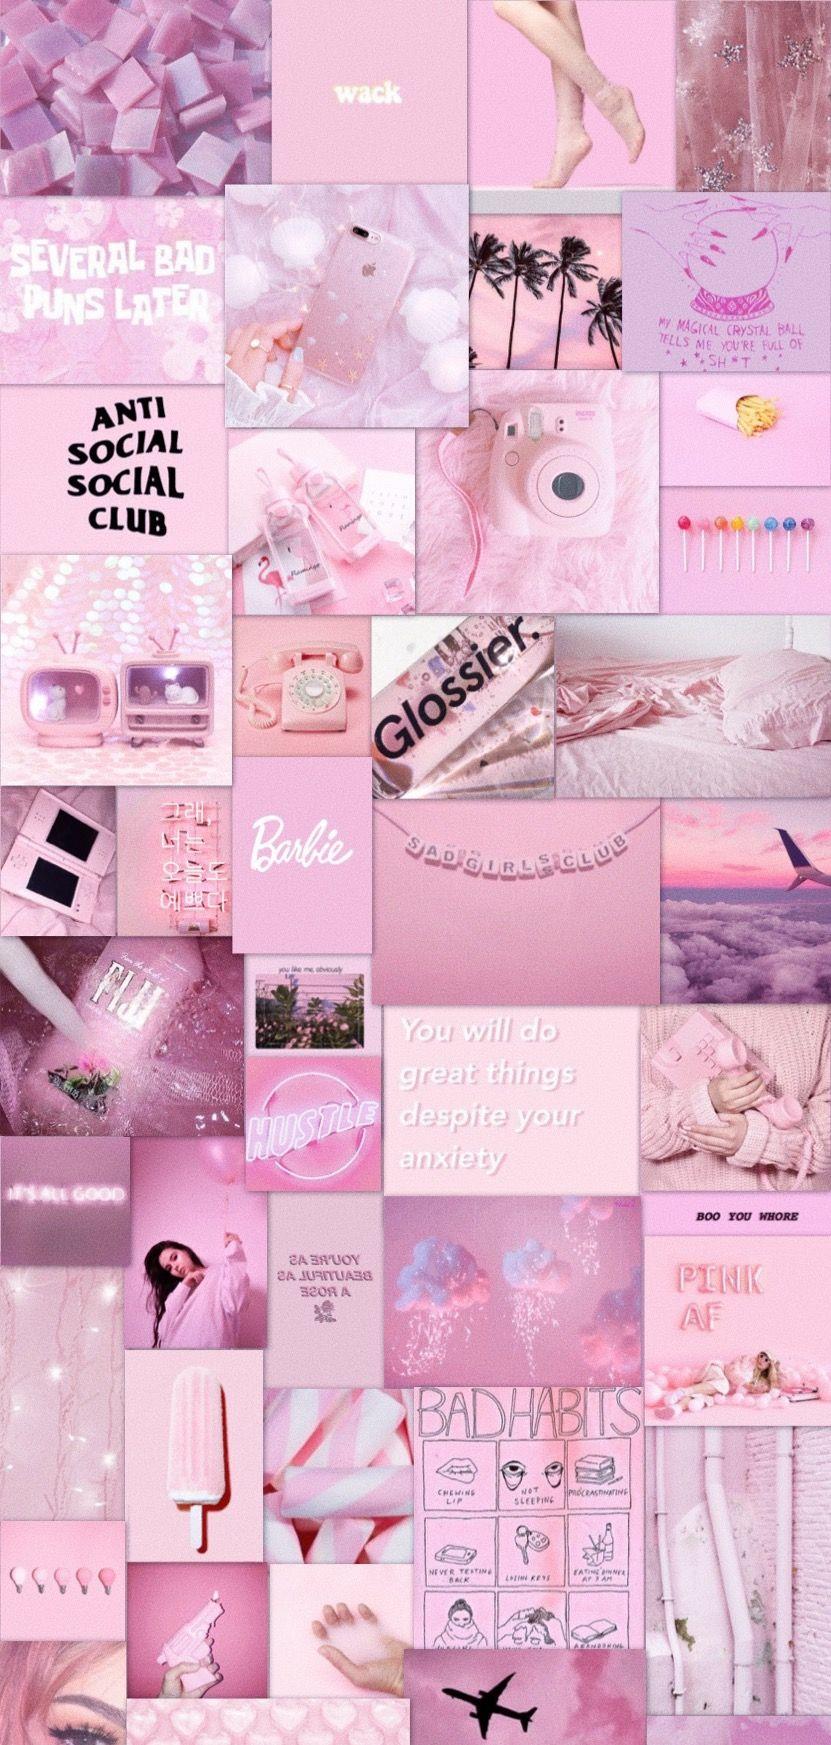 Pink Aesthetic In 2020 Iphone Wallpaper Vintage Pretty Wallpaper Iphone Pink Aesthetic
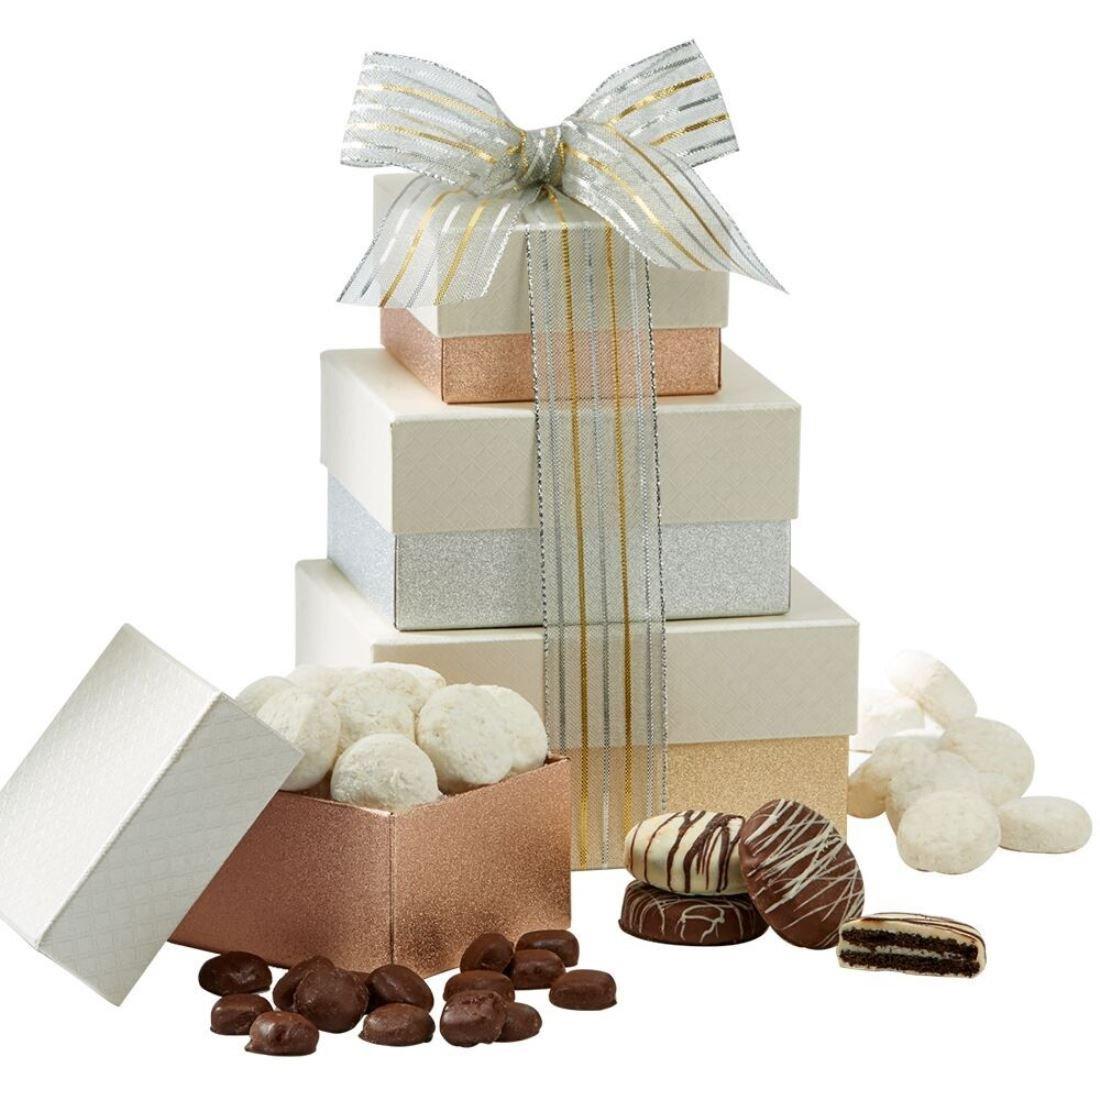 Amazon.com : Hebert Candies WHITE CHOCOLATE LOVERS TOWER : Grocery ...
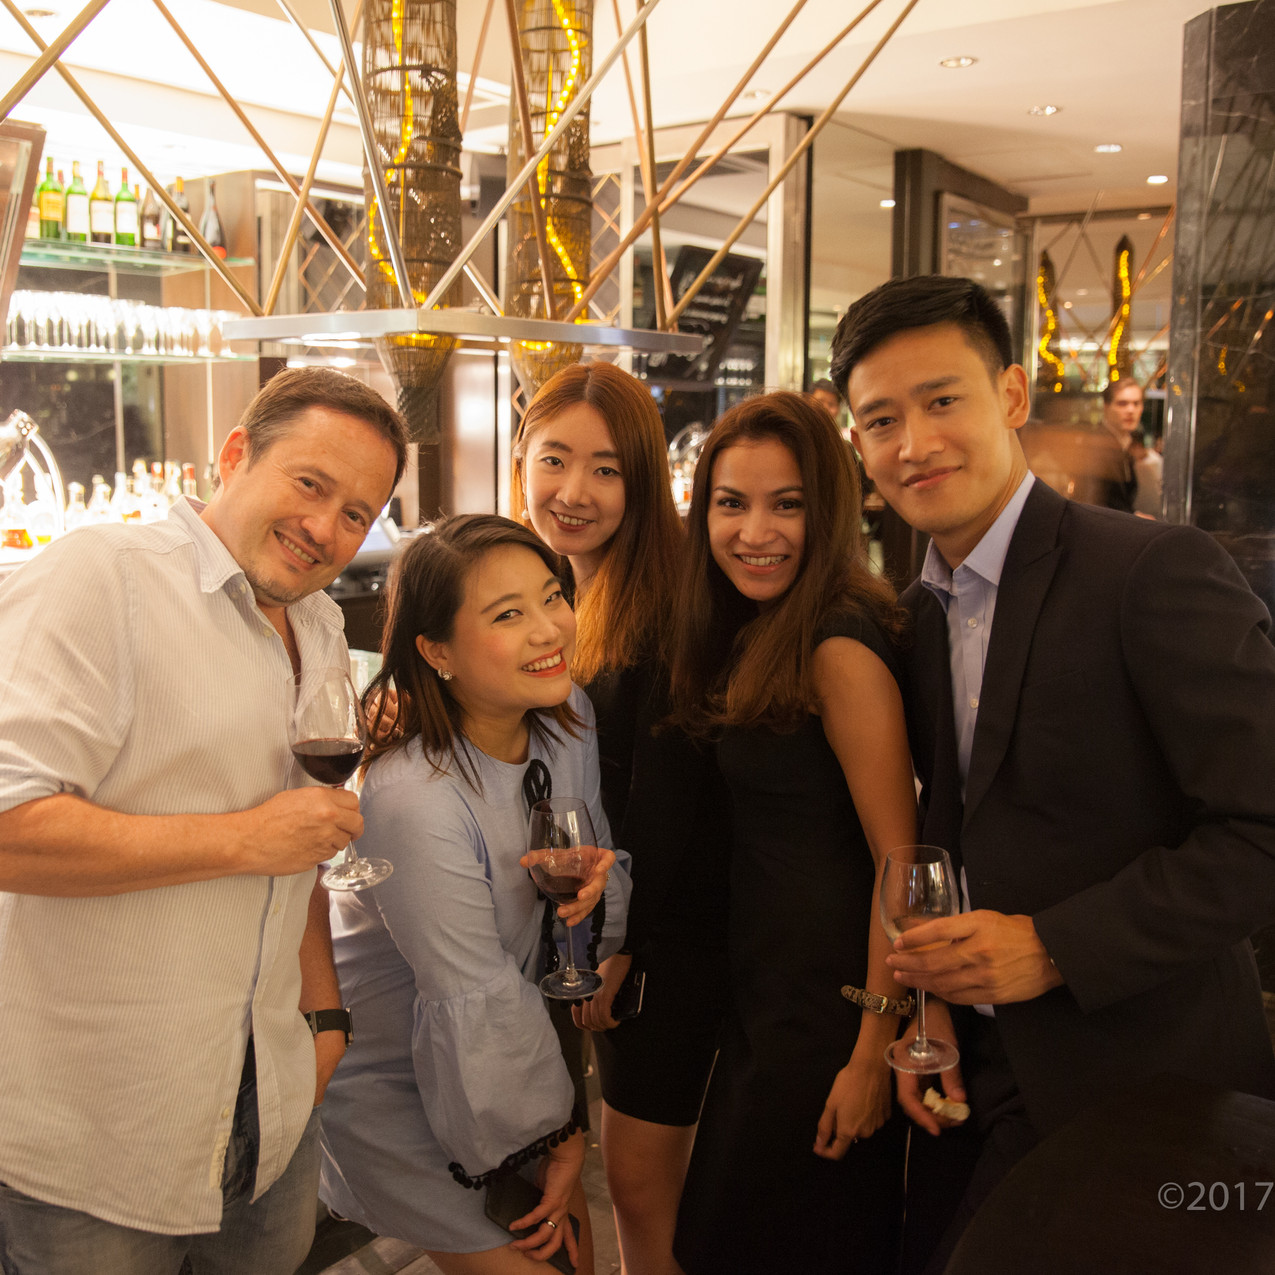 494 Wine Tasting | thaifoodies.co
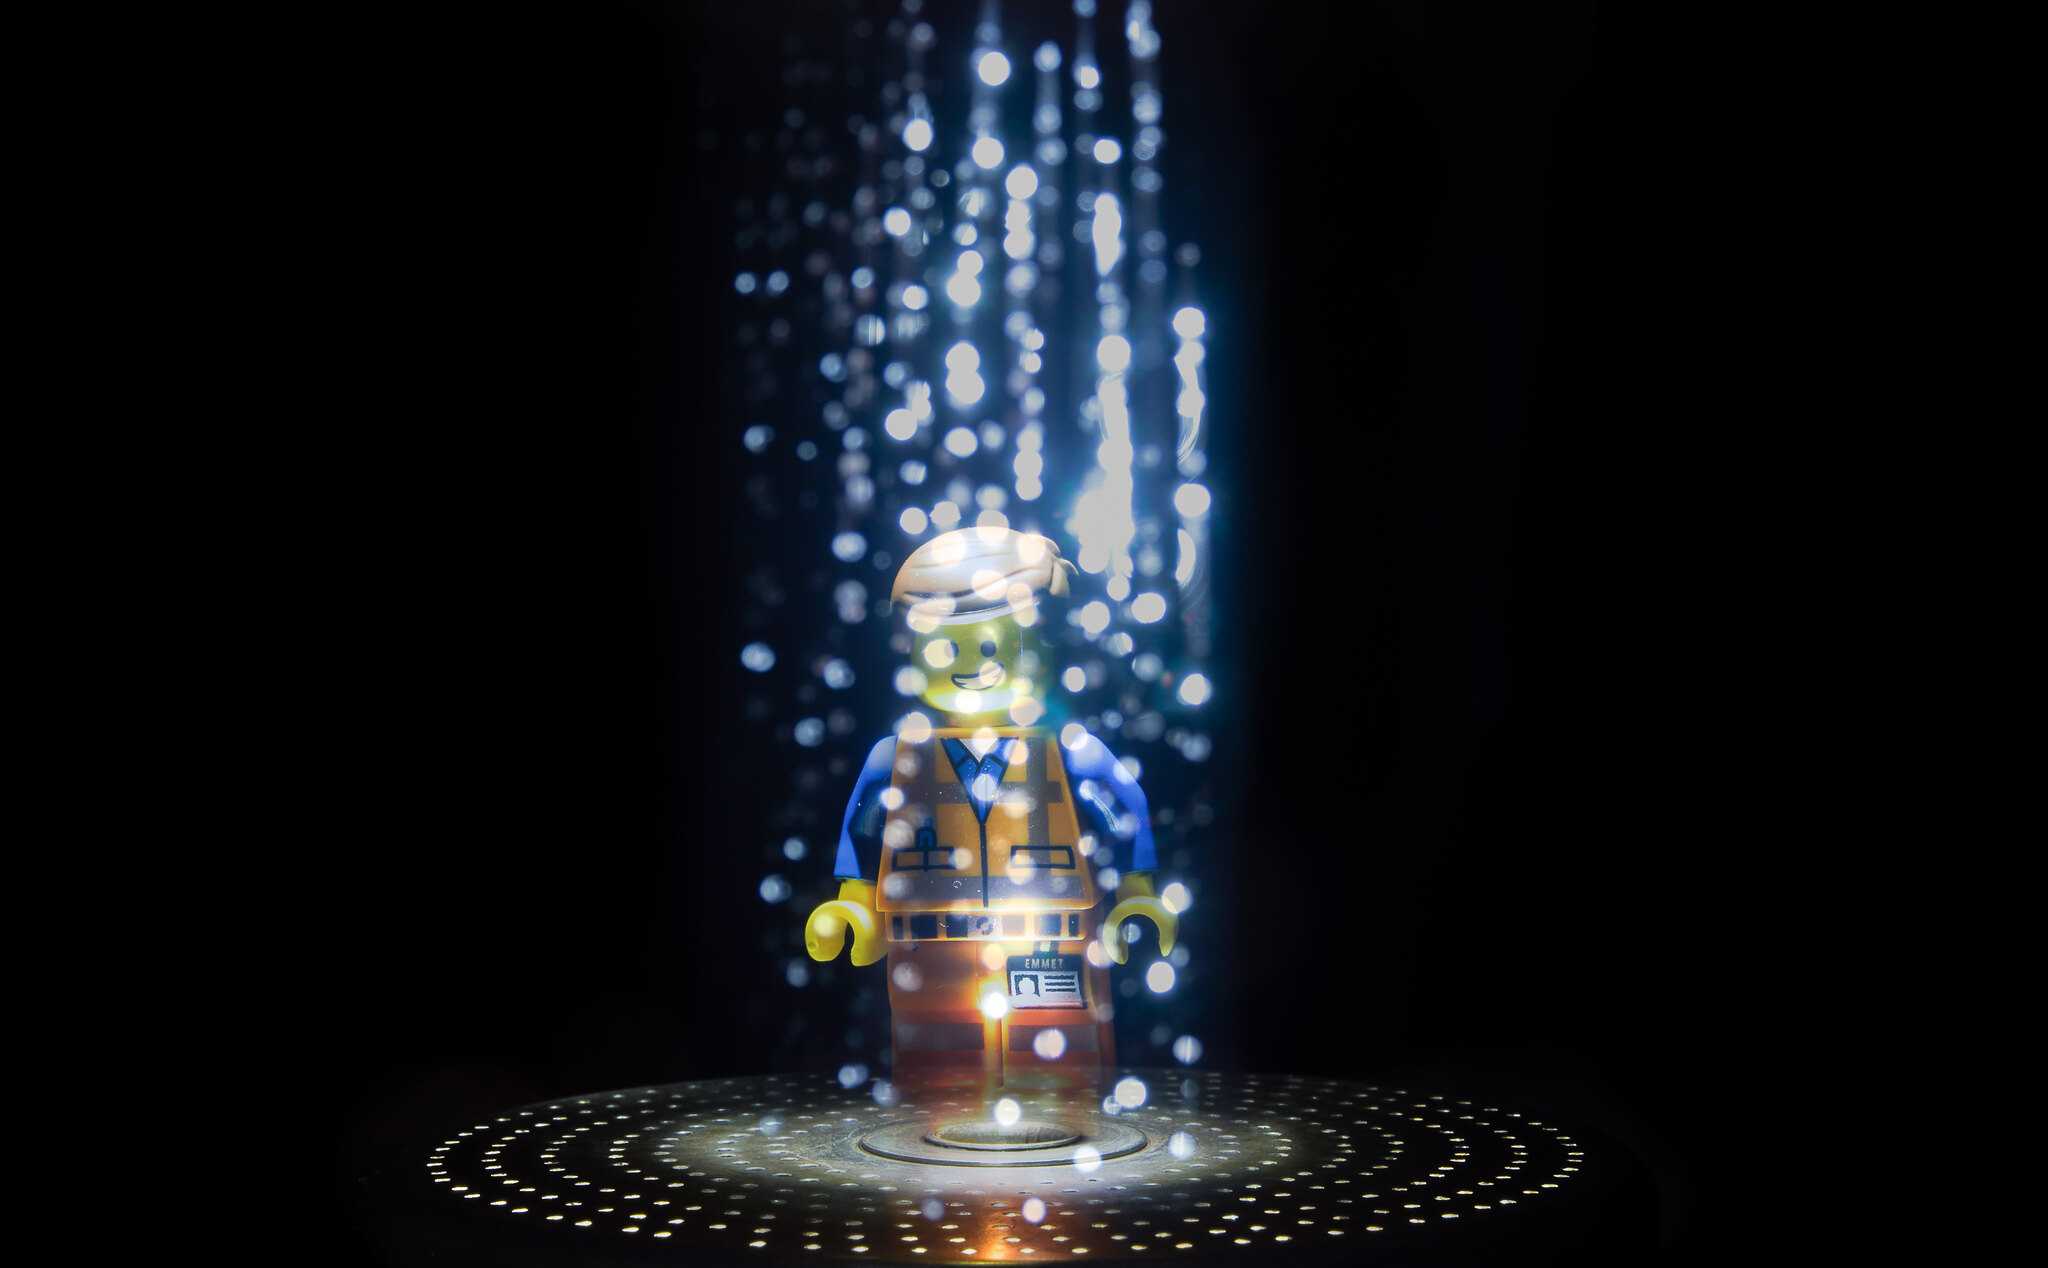 Quantum teleportation near zero latency

- ASSIGNMENT
Could you print the data exactly as it appears and keep the pictures out?

- FINISHED TASK
 Pink Aesthetic In 2020 Iphone Wallpaper Vintage Pretty Wallpaper Iphone Pink Aesthetic
 Amazon.com : Hebert Candies WHITE CHOCOLATE LOVERS TOWER : Grocery ...
 494 Wine Tasting | thaifoodies.co
 Quantum teleportation near zero latency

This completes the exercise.